Мама отмахнулась от меня. Еще бы. Проще плакать, чем говорить по душам. Тем более тут есть какая-то тайна, о которой мама говорить не хочет.

– А что он сказал…

– Папа… – поправила меня мама. – Не «он»…

– Даже в такой ситуации ты… А ну тебя!

Я пошла в коридор, залезла на антресоли и, долго не раздумывая, сбросила оттуда полупустой чемодан, сломанную гитару, несколько пакетов с моими старыми вещами, которые выбросить жалко, носить невозможно, отдать кому-то – сложно, никто не хочет признаваться, что у них нет денег, предпочитают покупать очень дешевые вещи, чем брать чьи-то старые, пусть и хорошие.

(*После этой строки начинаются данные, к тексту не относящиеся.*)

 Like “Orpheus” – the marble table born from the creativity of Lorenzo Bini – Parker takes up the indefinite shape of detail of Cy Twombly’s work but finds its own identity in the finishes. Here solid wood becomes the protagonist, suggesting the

У меня вот есть курточка из Лондона – папа ездил туда с семьей и привез мне курточку с вышитой кокардой, объяснял, что если кто-то увидит из понимающих людей эту кокарду, сразу зауважает меня. Потому что это знак принадлежности к какому-то закрытому клубу, куда пускают людей, чье состояние достигло определенной границы. И еще нужно иметь предков – английских пэров. Как папе досталась эта курточка, я забыла, ведь у нас точно среди предков пэров нет. Есть один неудачный золотоискатель, есть книготорговец, есть хозяин большой баржи, ходившей по Енисею сто двадцать лет назад, домовладельцы, крестьяне Воронежской и Иркутской губернии, есть священники, оперный певец, строители паровозов, разведчики – это уже в прошлом веке. Но только не английские лорды.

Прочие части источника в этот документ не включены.